Опубликовано 02.02.2019

Александр Мелихов
Страшная месть романтизма (Иностранная литература №1 2019)

День смерти Иосифа Сталина всего неделя отделяет от дня рождения Виктора Гюго, и Гюго при этом чаще всего вообще не вспоминают, да и Сталина поминают без особо громких всхлипываний. Реальный вождь погружается все глубже в академическую Лету, зато Сталин легендарный продолжает шествовать путем своим железным в мире воодушевляющих сказок. Несколько лет назад я выступал в какой-то из Сорбонн на семинаре славистики. Звучит роскошно, но в аудитории сидели десяток русских девочек — таков во Франции интерес к современной русской литературе. Интерес к советской был куда выше — это были голоса из страшного военного лагеря, который, стало быть, их тоже чаровал, а кому интересно, что делается в третьеразрядном супермаркете? Тем не менее, заведующая кафедрой тонко поинтересовалась, почему эти странные русские никак не могут забыть Сталина?

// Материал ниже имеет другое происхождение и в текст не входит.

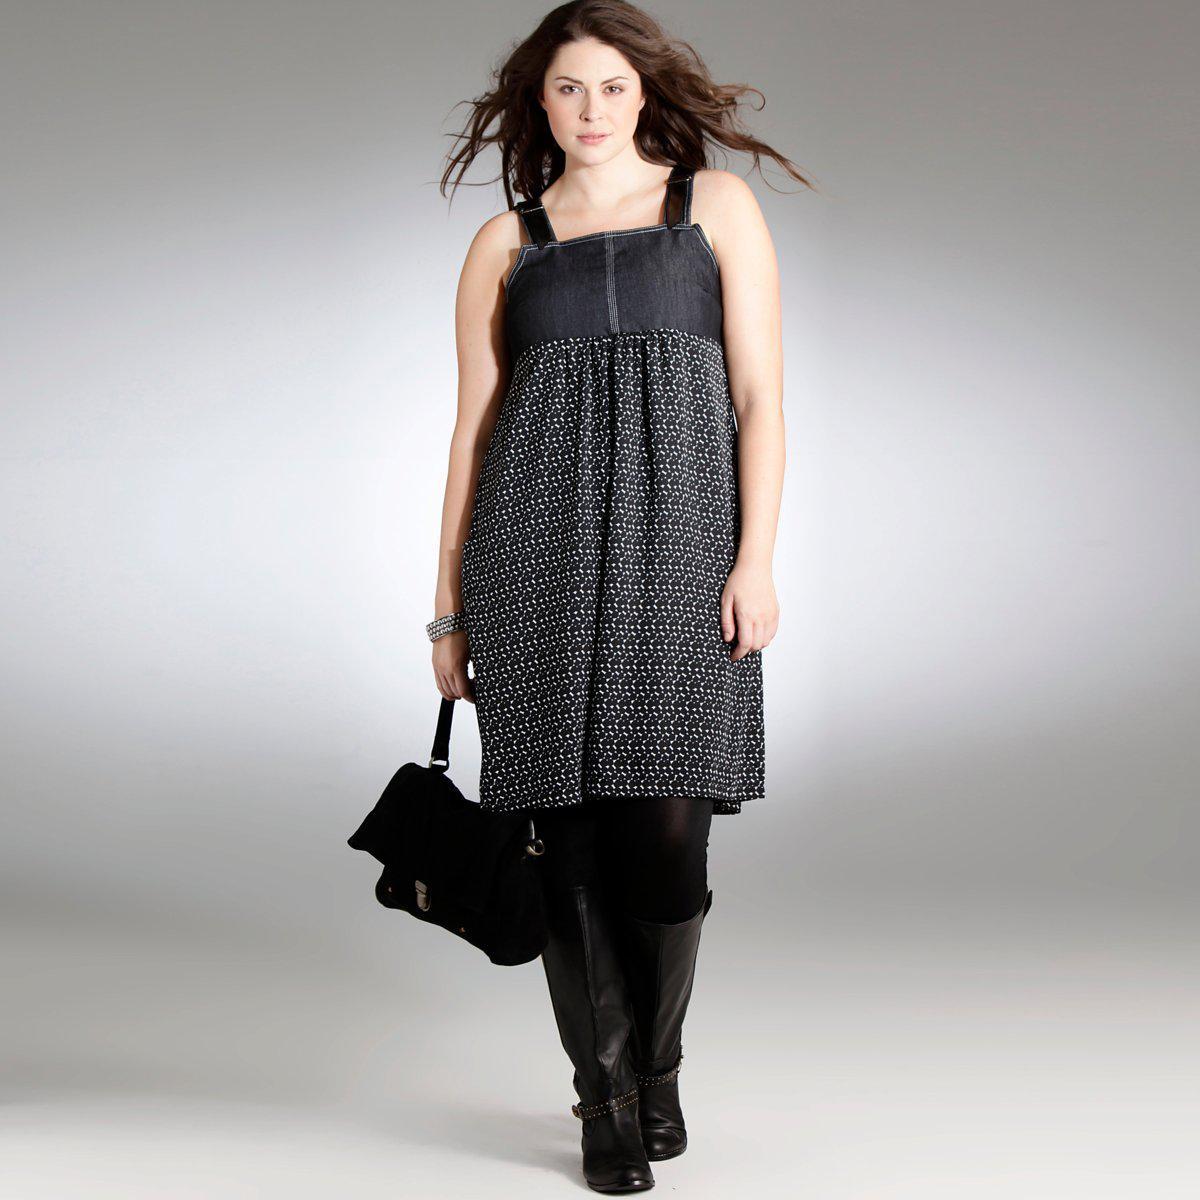 20ac743d924e Βραδυνα Φορεματα Plus Size Φθινόπωρο 2011 κωδ. 324223996

А почему эти странные французы никак не могут забыть Наполеона, еще более тонко полюбопытствовал я, — а уж сколько его обличали российские гуманисты! Толстой изобразил его самовлюбленным пошляком, Александр Крон через сто лет в своем подзабытом бестселлере “Бессонница” с явным намеком на Сталина возмущался, что Наполеон истребил четверть населения Франции, а французы погребли его прах в центре грандиозного собора и даже не борются за то, чтобы его оттуда вынести. Однако в чужом глазу все видно гораздо отчетливее: этим совсем нестранным французам не приходит в голову приложить к русским те мысли, которые развивал применительно к ним самим Виктор Гюго, для кого прения о Наполеоне бы ли ничуть не менее жгучими, чем для нас прения о Сталине. ­

Партии, пришедшей к власти после падения “корсиканского чудовища”, Наполеон внушал “еще больший ужас, чем Робеспьер”, она старалась представить Бонапарта “поочередно под всеми страшными масками, от Тиберия до нелепого пугала, начиная с тех, что нагоняют страх, сохраняя все-таки величественность, и кончая теми, что вызывают смех. Итак, говоря о Бонапарте, каждый был волен рыдать или хохотать, лишь бы тальков основе лежала ненависть». Она, возможно, была бы не так уж и плоха, эта ложь во спасение, если бы ее можно было каким-то образом оградить от недоверия. Но, увы, когда вскормленный ею романтичный Мариус (помните, разумеется “Отверженные”) ­начинает интересоваться судь­бой своего отца, участвовав­шего во всех наполеоновских походах, его околдовывают «барабаны, пушки, трубы, раз­меренный шаг батальонов, глухой и отдаленный кавалерийский галоп”.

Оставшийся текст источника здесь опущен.